Provided data Block Start

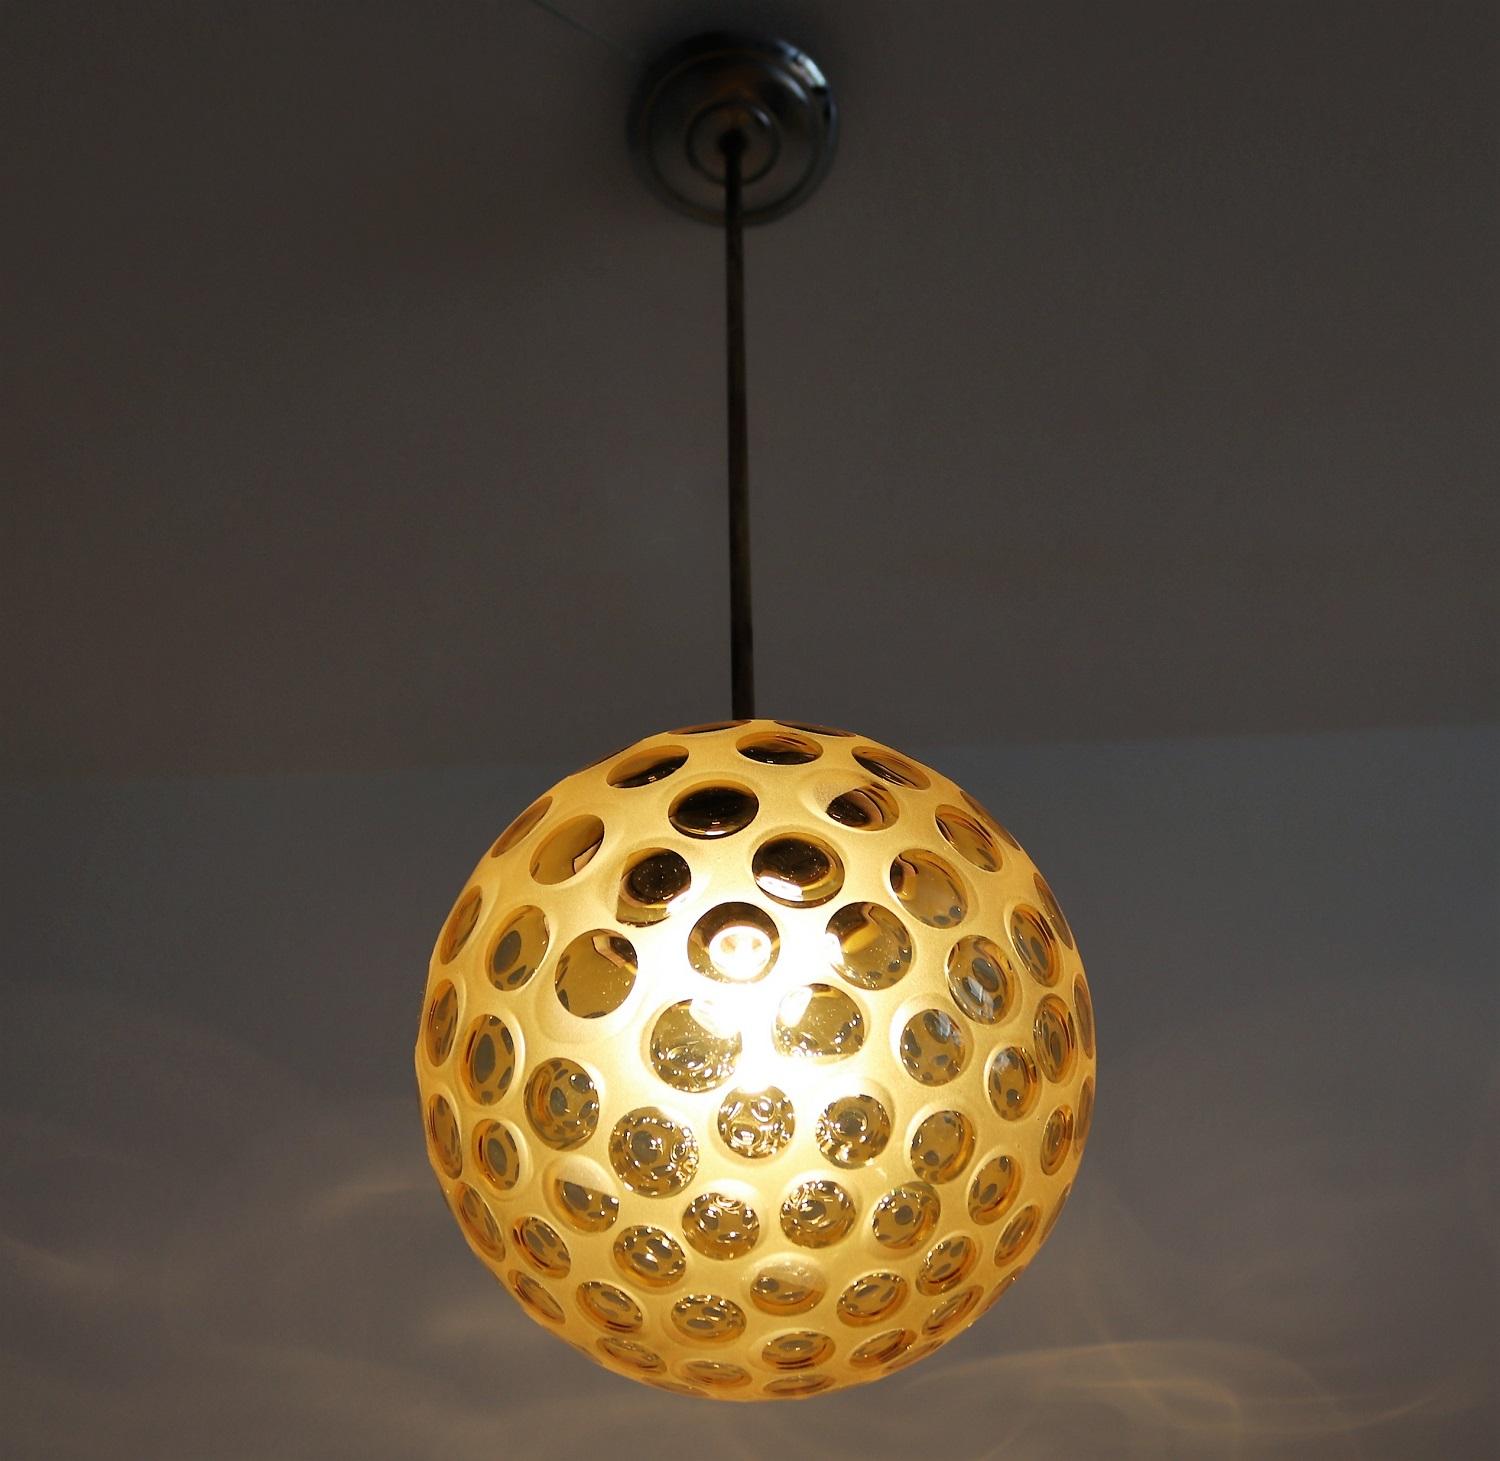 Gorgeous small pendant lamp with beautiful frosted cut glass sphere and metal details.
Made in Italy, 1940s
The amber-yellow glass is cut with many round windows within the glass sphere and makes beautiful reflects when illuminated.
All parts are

Provided data Block End

• Work to complete
The response must restate each line of the material above exactly and contain no images.

• Reply to the exercise
 Gorgeous small pendant lamp with beautiful frosted cut glass sphere and metal details.
Made in Italy, 1940s
The amber-yellow glass is cut with many round windows within the glass sphere and makes beautiful reflects when illuminated.
All parts are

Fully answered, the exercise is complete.